To compute the difference between the model output and the mortality data we used the L2 norm or Euclidean distance, as is standard practice for nonlinear optimisation. We minimised this distance using the Nelder-Mead simplex algorithm, allowing infectiousness to vary independently in each time-period.

The result of this fitting exercise is shown below,

The vertical lines indicate the interventions and the case data begins on the 6th of March. The values for β that were discovered by the optimisation process are,

  • 0.1529 (equivalent to R = 1) from the first of January to the 12th of February
  • 1.59 (equivalent to R = 11) from the 12th of February until lock-down
  • 0.1529 (equivalent to R = 1) during lock-down

Of these, only the third is meaningful. The first may be disregarded as it is before the notional start of the epidemic implied by the UK government mortality data. Seeding the simulation on the first of January with one infectious individual, a value implying that R = 1 will maintain this until the notional start of the epidemic. That this was found automatically through fitting is a sanity check for identifying the 12th of February as the key date.

The second figure of 1.59 (R = 11) during the initial phase of the epidemic is conspicuously high and this bears explanation. Firstly, there is a large degree of uncertainty here: a fit of comparable quality equivalent to R = 8 is also possible. Nevertheless, the early UK government data implies a much larger value than we believe to be correct. This can be clearly seen from the figure presented on a logarithmic scale. This value can be revised downwards easily by moving the notional start of the epidemic earlier and a value close to the scientific consensus value is obtained towards the end of December or the beginning of January, the specific date not being very influential for obtaining this value. The resulting curve, however, no longer matches the initial data.

The final figure of 0.1529 (R = 1) during lock-down appears to be robust against all efforts to vary the starting date and intervention timing, varying from slightly below to slightly above. Whilst the initial UK government data is suspect, the later data appears more reliable.

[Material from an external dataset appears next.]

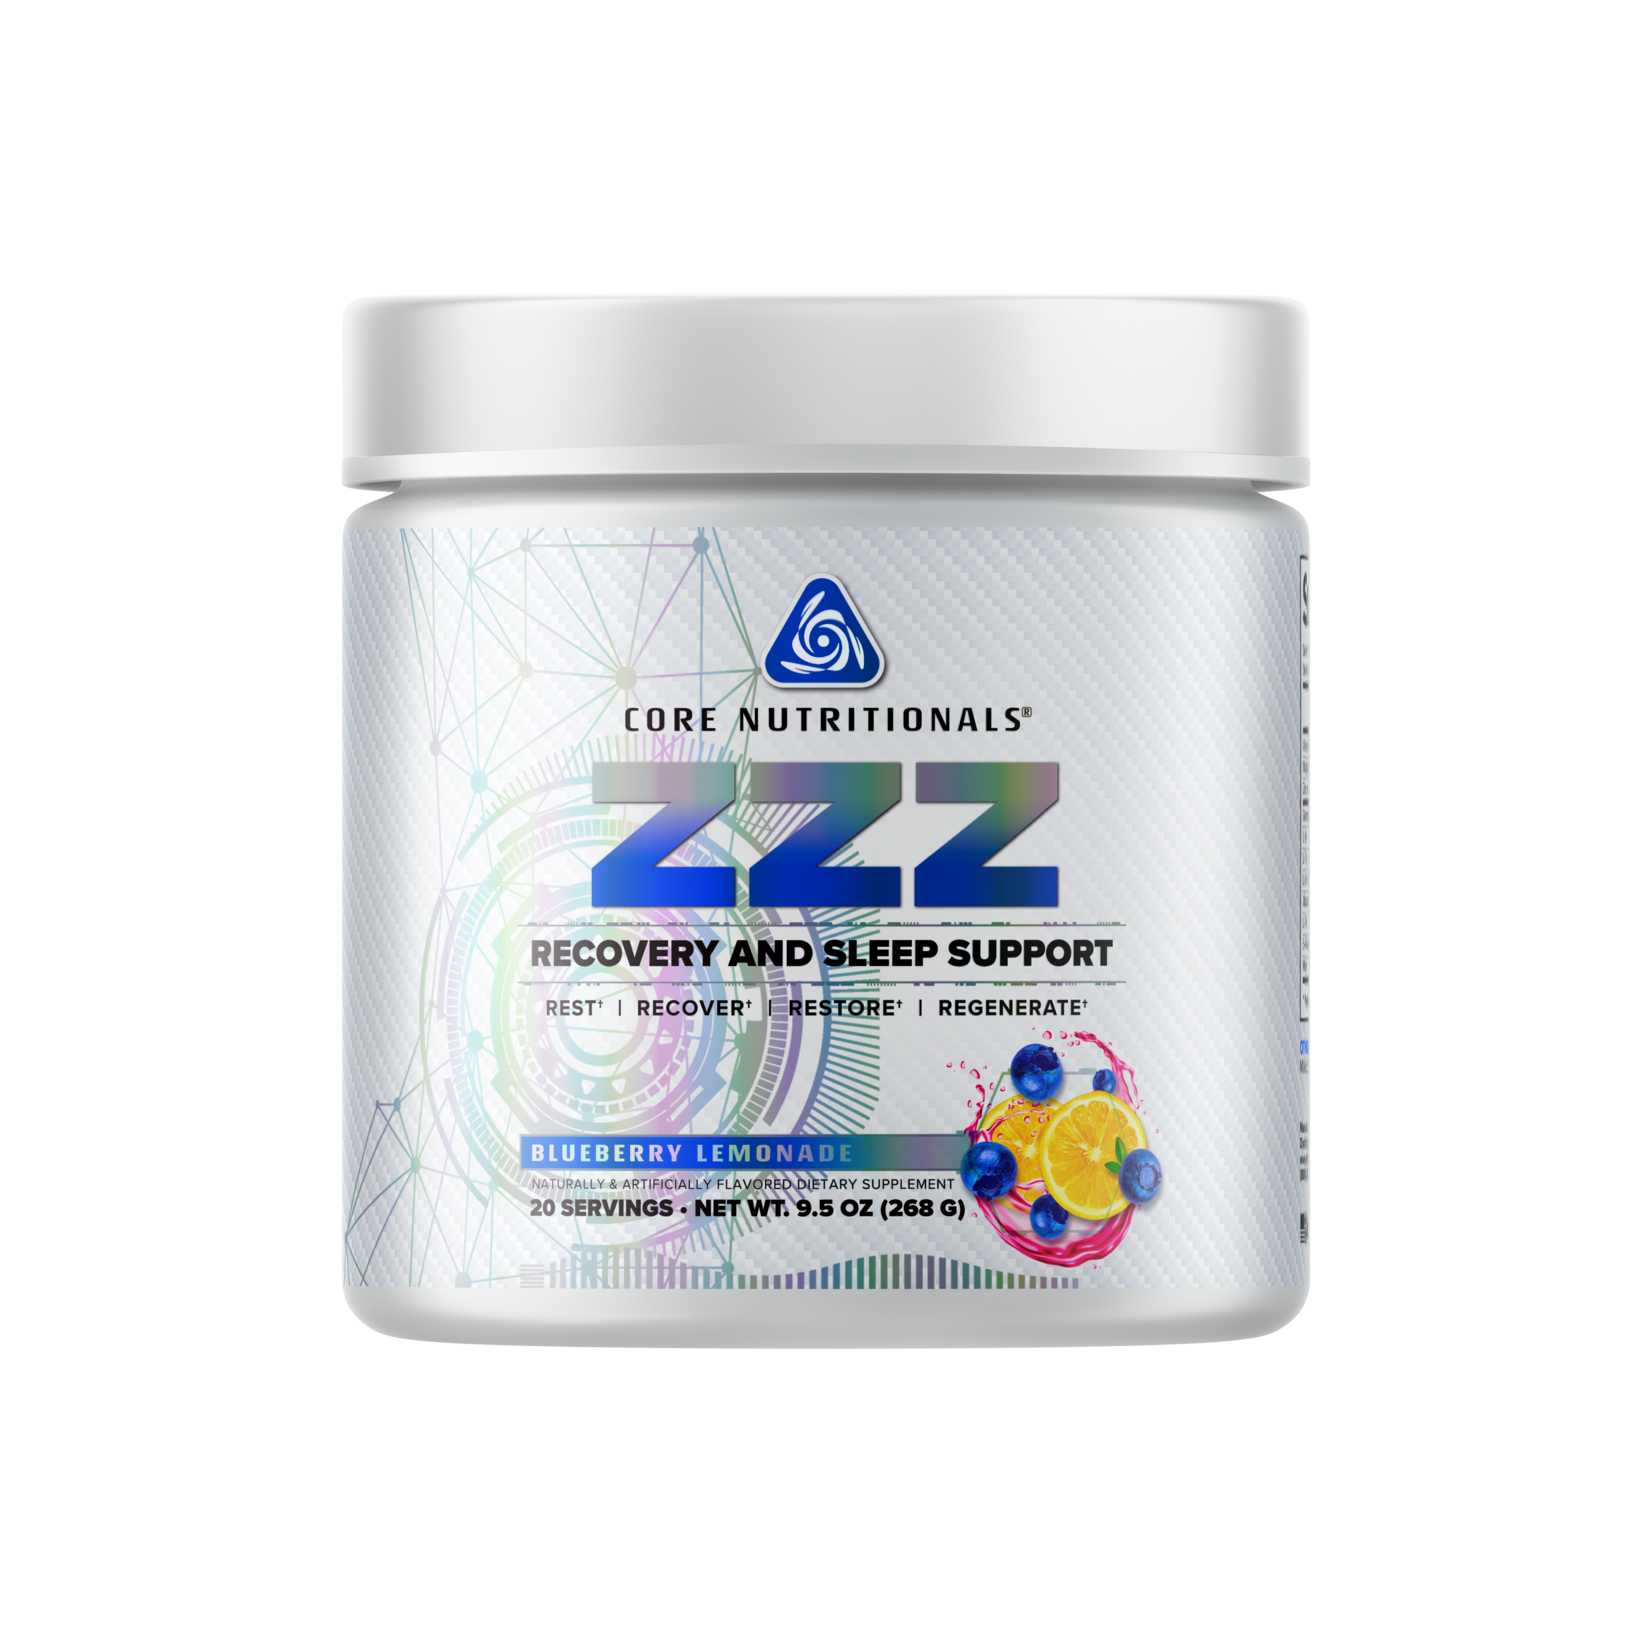 Core Nutritionals Core ZZZ Blueberry Lemonade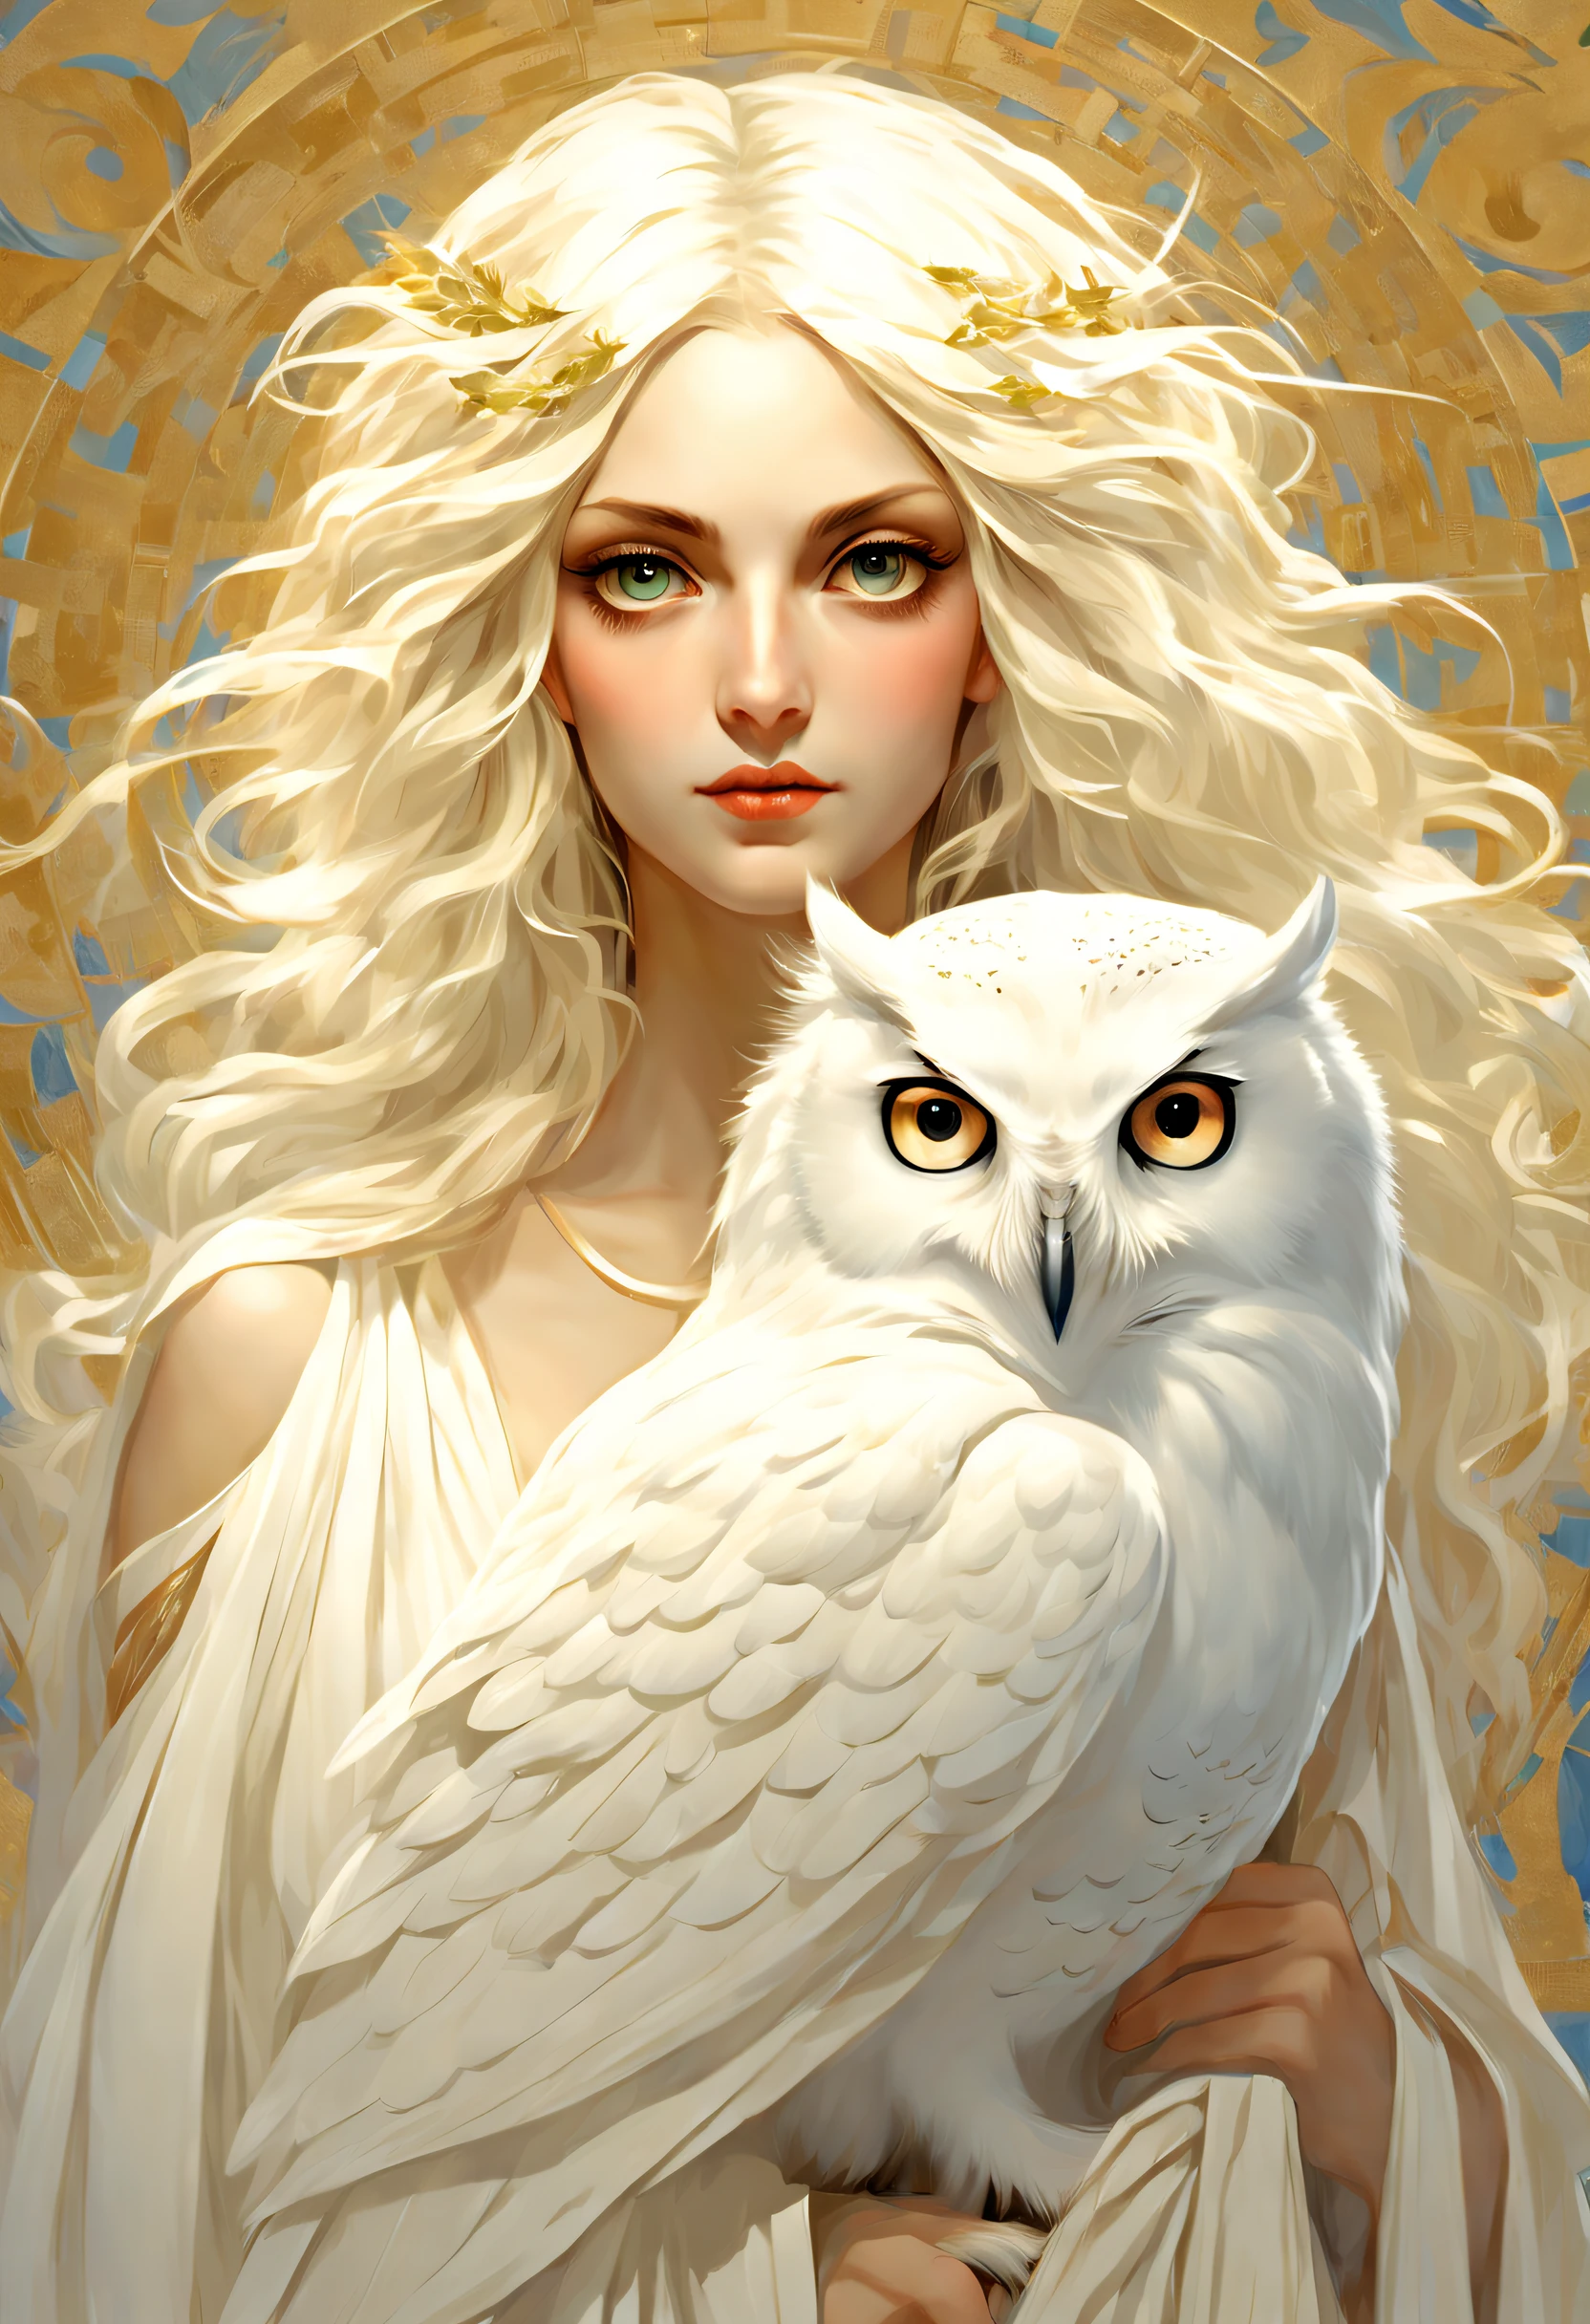 シュルレアリスム芸術スタイル (アテナの肩に立つ純白のフクロウ),(真っ白 owl: 1.37), 真っ白 owl, 真っ白 owl, (アテナの肩の上に立つ),(肩の上に立つ: 1.37) フクロウの顔は丸い, (大きな青い目: 0.8), とても大きな目, 短く曲がったくちばし, 厚い, 真っ白 feathers, 厚い claws, 真っ白, それはユニークで美しい生き物です，自然の驚異と知恵が展示されています,
(アテナの体の左半分: 0.8), 女神の目は明るくて大きかった, 魅力的で荘厳, 彼女の顔の輪郭は優雅で洗練されている, 彼女のギリシャの鼻はまっすぐだ, 彼女の髪は金髪か黒髪, 長くて滑らか, 彼女はよく口をきつく結んでいる, 彼女の決意と決意を示す. 彼女の肌は白く、傷一つない, 象牙色の皮, 威厳と美しさ, 輝く金色の光, オリーブの枝を身に着ける,,{{傑作}}, {{{最高品質}}},{{超詳細}}, {{図}},{{乱れた髪}},{{傑作}},{{{最高品質}}},{{超詳細}}, {{{図}}},{{乱れた髪}},キャラクターのコンセプトアート,ゲームシーングラフ,アルフォンス・ミュシャの美しい絵画,図,傑作,マットペイント,謎めいた雰囲気,似顔絵,被写界深度 (自由度),フルボディレズビアン,閉じる,ドラマチックな照明

On this basis, then, we can infer that if it is correct that lock-down reduces contact by 70% [citation] then the initial value for the infectiousness should be 0.51, implying R0 of 3.5, at the high end of the range of scientific consensus. By adjusting the notional start of the epidemic to be in late December or early January, we obtain such an initial value without perturbing the fit or value of infectiousness during the lock-down period.

Adjustment to dates

Recall that this model assumes individuals are removed through hospitalisation or death. From what we have observed of disease progression, the second phase of the illness leading to death typically lasts 2-3 weeks. If the mean is 18 days, this means that, when fitting to mortality data with this model, an adjustment of 18 days is required. Therefore, measured as the first active case, the date implied by the UK government data is not the 12th of February but the 25th of January, and by the above argument, we believe the true beginning of the epidemic in the UK to be in mid-December.

Conclusions from fitting

We therefore conclude that the following are consistent with the data:

  1. The UK government data implies an unreasonably high infectiousness and the epidemic beginning on the 25th of January.
  2. The COVID-19 epidemic in the UK was probably seeded at in the middle to end of December 2019.
  3. The reproduction number for a completely susceptible population in the absence of any interventions is about 3.3, implying an appropriate value for β in our full model (c equal to 11 without interventions) of 0.0435.

Acknowledging the uncertainty in the data, and inherent in our reasoning above, we also conducted a sensitivity analysis, exploring scenarios where infectiousness is slightly below, and slightly above this value to ascertain the effectiveness of the measures that we propose here in fitting observed deaths in June 2020.

Fitting can be verified by downloading the mortality data from the data.gov.uk coronavirus web site and running the command,

ptti-fit -y fitting.yaml --dgu coronavirus-deaths_latest.csv --mask c theta --ifr 0.011

where fitting.yaml is the fitting scenario in the examples/ subdirectory of the PTTI software distribution.